Publication details

Prognostic factors and seizure outcome in posterior reversible encephalopathy syndrome (PRES) in children with hematological malignancies and bone marrow failure: A retrospective monocentric study

Authors

DANHOFER Pavlína HABALOVÁ Michaela ČERNÁ Dáša ZAPLETALOVÁ Danica HORÁK Ondřej AULICKÁ Štefánia JUŘÍKOVÁ Lenka DOMANSKÝ Jiří KOVALČÍKOVÁ Petra PAVLÍK Tomáš ŠTĚRBA Jaroslav OŠLEJŠKOVÁ Hana

Year of publication 2019
Type Article in Periodical
Magazine / Source Seizure-European journal of epilepsy
MU Faculty or unit

Faculty of Medicine

Citation
Web http://dx.doi.org/10.1016/j.seizure.2019.08.007
Doi http://dx.doi.org/10.1016/j.seizure.2019.08.007
Keywords PRES; Children; Oncology; Seizure; MRI; Prognosis
Description Purpose: The aim of this study was to evaluate seizure outcome in children with hematological malignancies and PRES and to identify prognostic factors that could help manage the syndrome.

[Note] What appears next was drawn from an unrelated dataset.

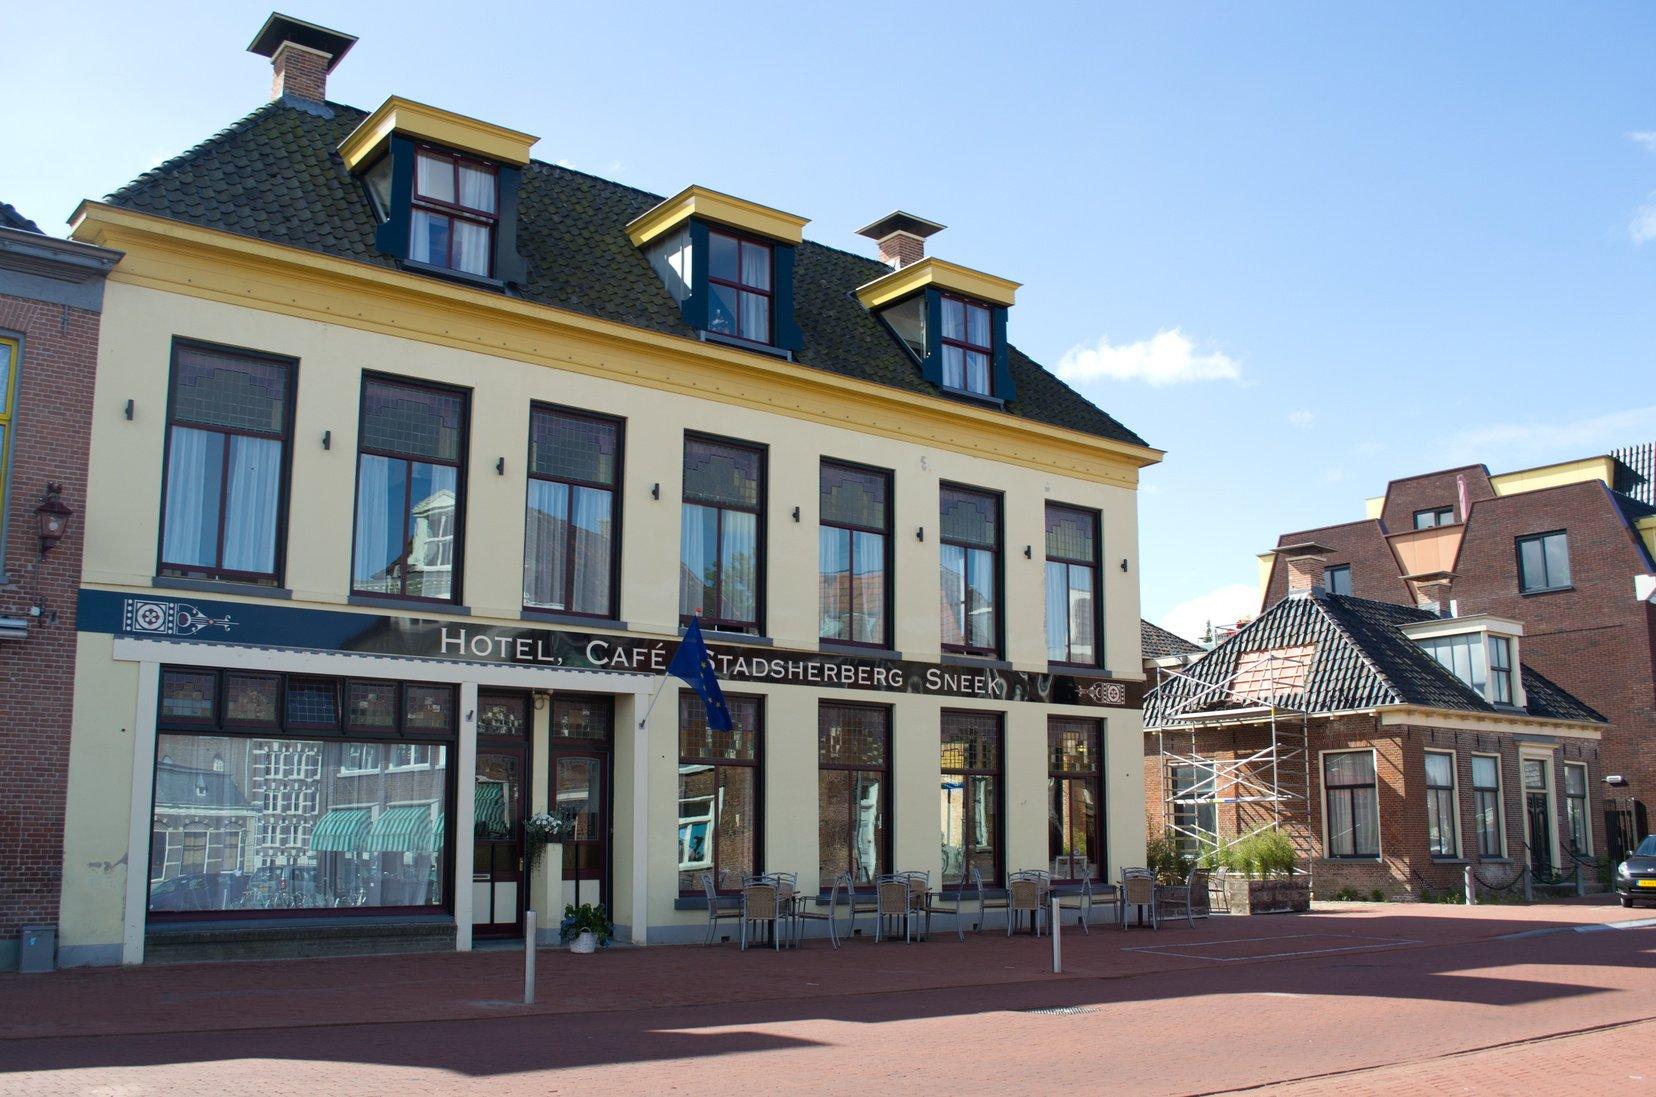 Sneek Hotel de Stadsherberg

Method: We retrospectively reviewed the report data of 21 patients diagnosed with hematological malignancy or aplastic anemia and PRES between 2008 and 2018. Basic demographic data, oncology treatment, presympto-matic hypertension before PRES manifestation, neurological status, seizure type, and EEG and MRI findings at PRES onset and at the one-year follow-up visit were studied. Patients who developed remote symptomatic seizures or epilepsy were identified. Results: We included 21 children (11 females and 10 males) in the study. Sixteen patients (76.2%) were diagnosed with ALL and the rest individually with AML, CML, T-lymphoma, Burkitt lymphoma, and severe aplastic anemia. Presymptomatic hypertension (PSH) was evaluated in 19 patients and was present in 18 (94.7%). The duration was 9 h and more in 16 patients (88.8%); the severity was grade II in 12 patients (66.7%). Seizures as the initial symptom of PRES were present in 17 patients (80.9%). Four patients (19.0%) were assessed with remote symptomatic seizures. Two of them (9.5%) had ongoing seizures at the one-year follow-up visit and were diagnosed with epilepsy. The presence of gliosis on follow-up MRI indicated worse outcome with development of epilepsy (without statistical significance). Conclusions: PRES syndrome has an overall good prognosis and the evolution to epilepsy is rare. The severity and duration of PSH or seizure severity and EEG findings at PRES onsetwere not associated with worse neurological outcomes in this study.